Meteo data describes which variables were included and how some of them were gap-filled. Some variables were merged with other datasets to generate one complete time series. Generally, included data were directly measured at the station. There are some exceptions when data from a neighboring meteo stations were used to fill gaps for e.g. PREC (see Feigenwinter et al., 2023b for more details).

Note that there are also numerous notebooks that were used to quality-screen data from recent years (2021-2023, 2024). For screening older years, no notebooks are available because data were screened with a now deprecated meteoscreening tool.

Plots of non gap-filled meteo data (2005-2024) are shown in our database here.

Management data#

One central question during the creation of this dataset was how can management data be combined with time series data. Management Data describes how management information was converted to a time series format. The original management info is available as XLSX file and can also be downloaded from that page. There is a notebook that shows how this conversion to a time series format was done. In addition, the dataset contains TIMESINCE variants that put each record in temporal relation to past management events (TIMESINCE variables count the number of records since the most recent respective event). The notebook shows here how this looks like for management data.

Notebooks#

All Jupyter notebooks used to create the dataset were collected here: Notebooks overview. They contain a lot of additional information besides the code, e.g., details about specific processing steps. If you miss some important information here in the written documentation, it is very likely that one of the notebooks has that info.

Dataset versions#

Since sometimes the dataset is updated, the page Dataset Versions collects info about the different data versions. At the moment I would not expect any major changes in future versions (but you never know). Normally if there is a new version of this dataset it means that we added new variables to the data, such as soil heat flux.

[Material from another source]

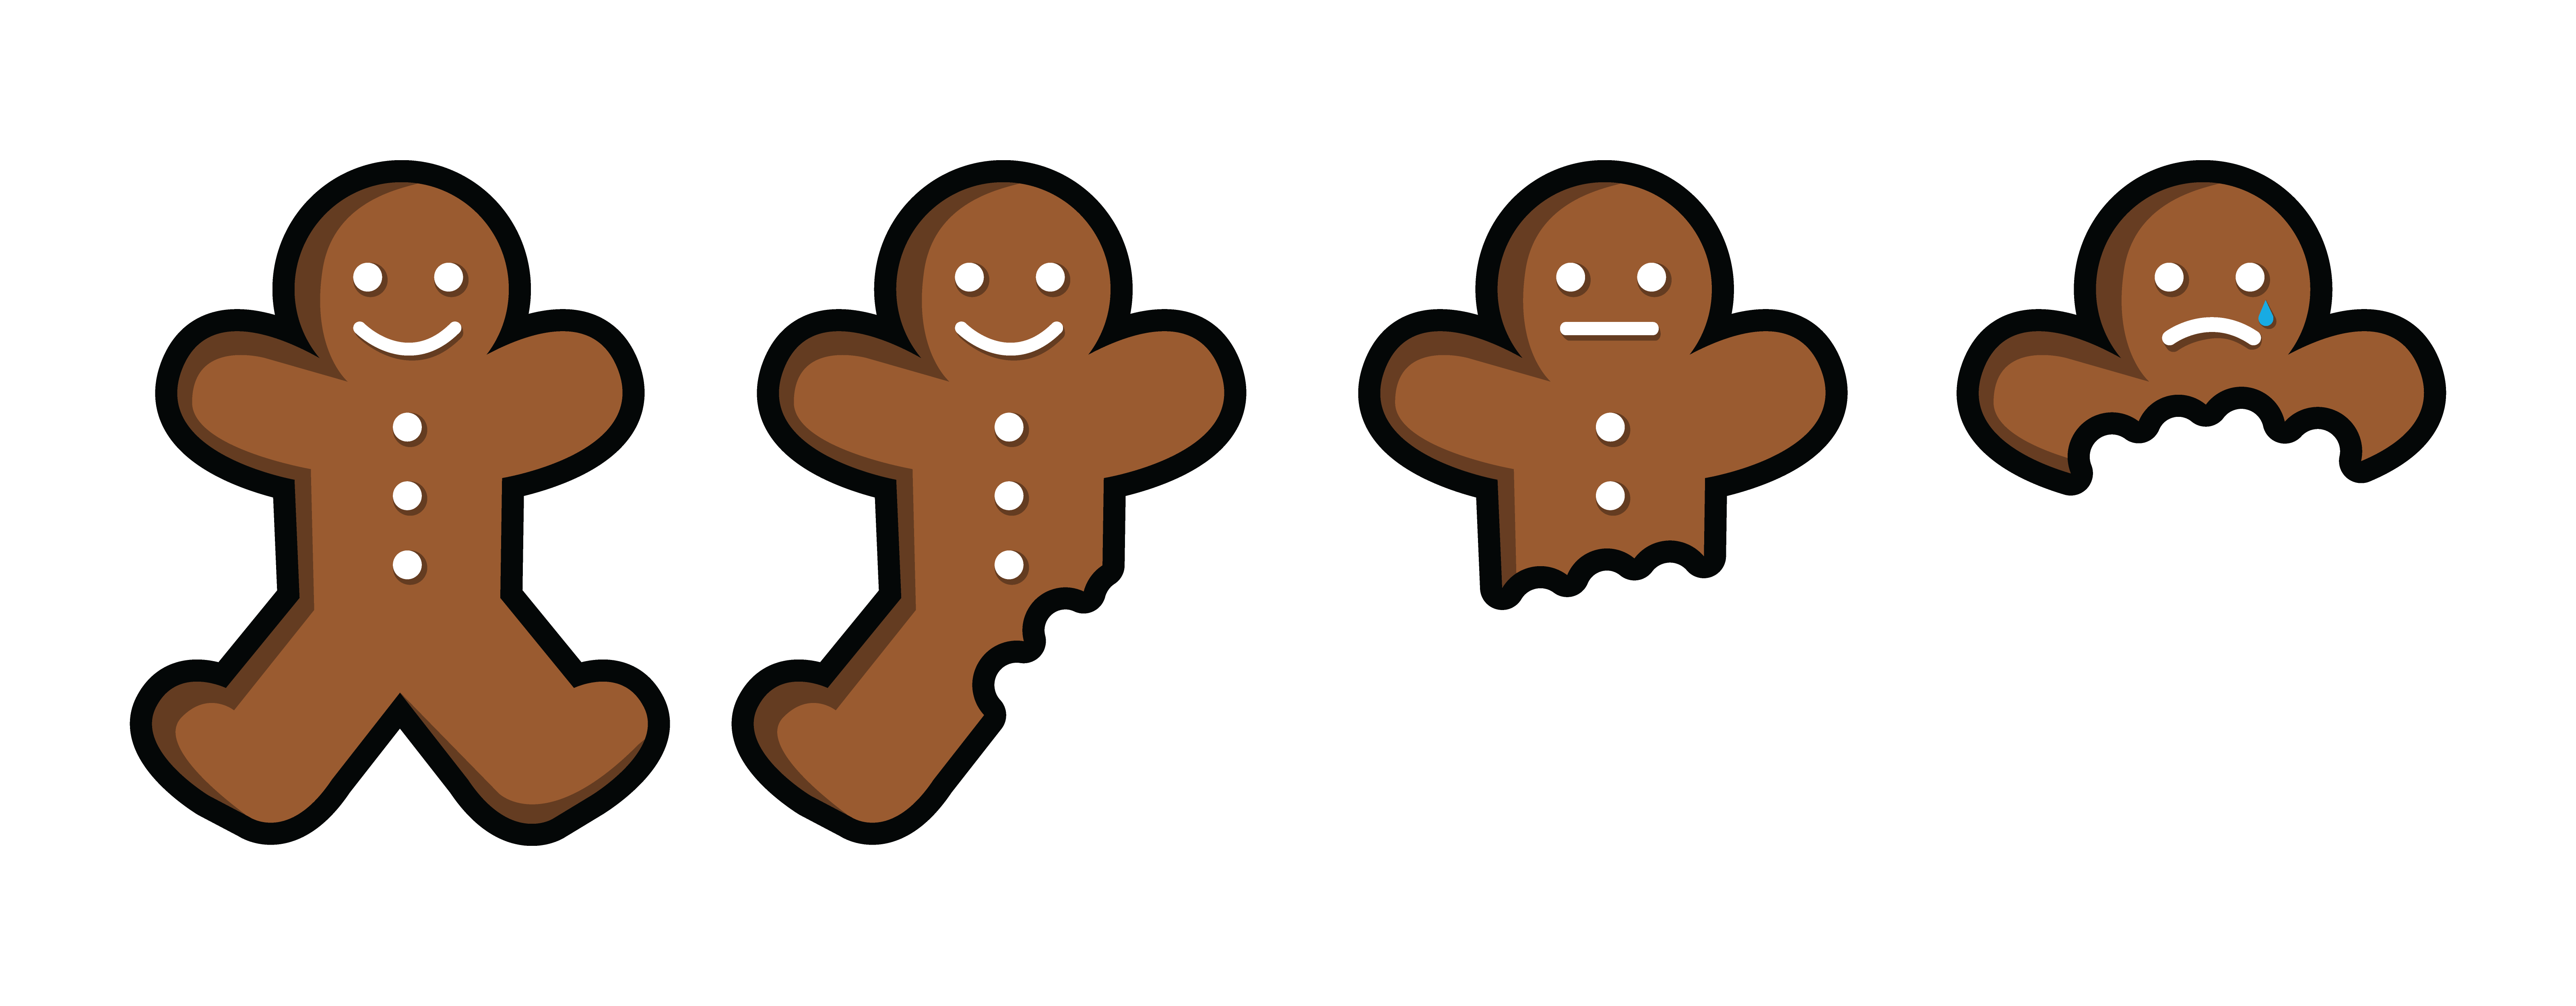 Gingerbread clipart eaten - Pencil and in color gingerbread clipart ...

Or we added variants of existing variables, e.g., fluxes gap-filled with the MDS method in addition to the random forest variants.

Other#

  • Used Software lists software (including links) used in the generation of this dataset

  • Instrumentation contains information about some of the used instruments.

  • Supplementary Information dives deeper into specific aspects of the dataset.

  • Sometimes not all issues can be solved perfectly. Therefore, the page Known Issues collects information about time periods when something noteworthy happened. Also lists the solution for the respective issue. Let’s hope this list stays as empty as possible.

  • Links is a collection of external links relevant to this dataset.

  • References relevant to the production of this dataset are listed in References. It is possible that this list is not complete, but it should contain most of the references mentioned in the main texts. I will update this list if I found a publication I missed.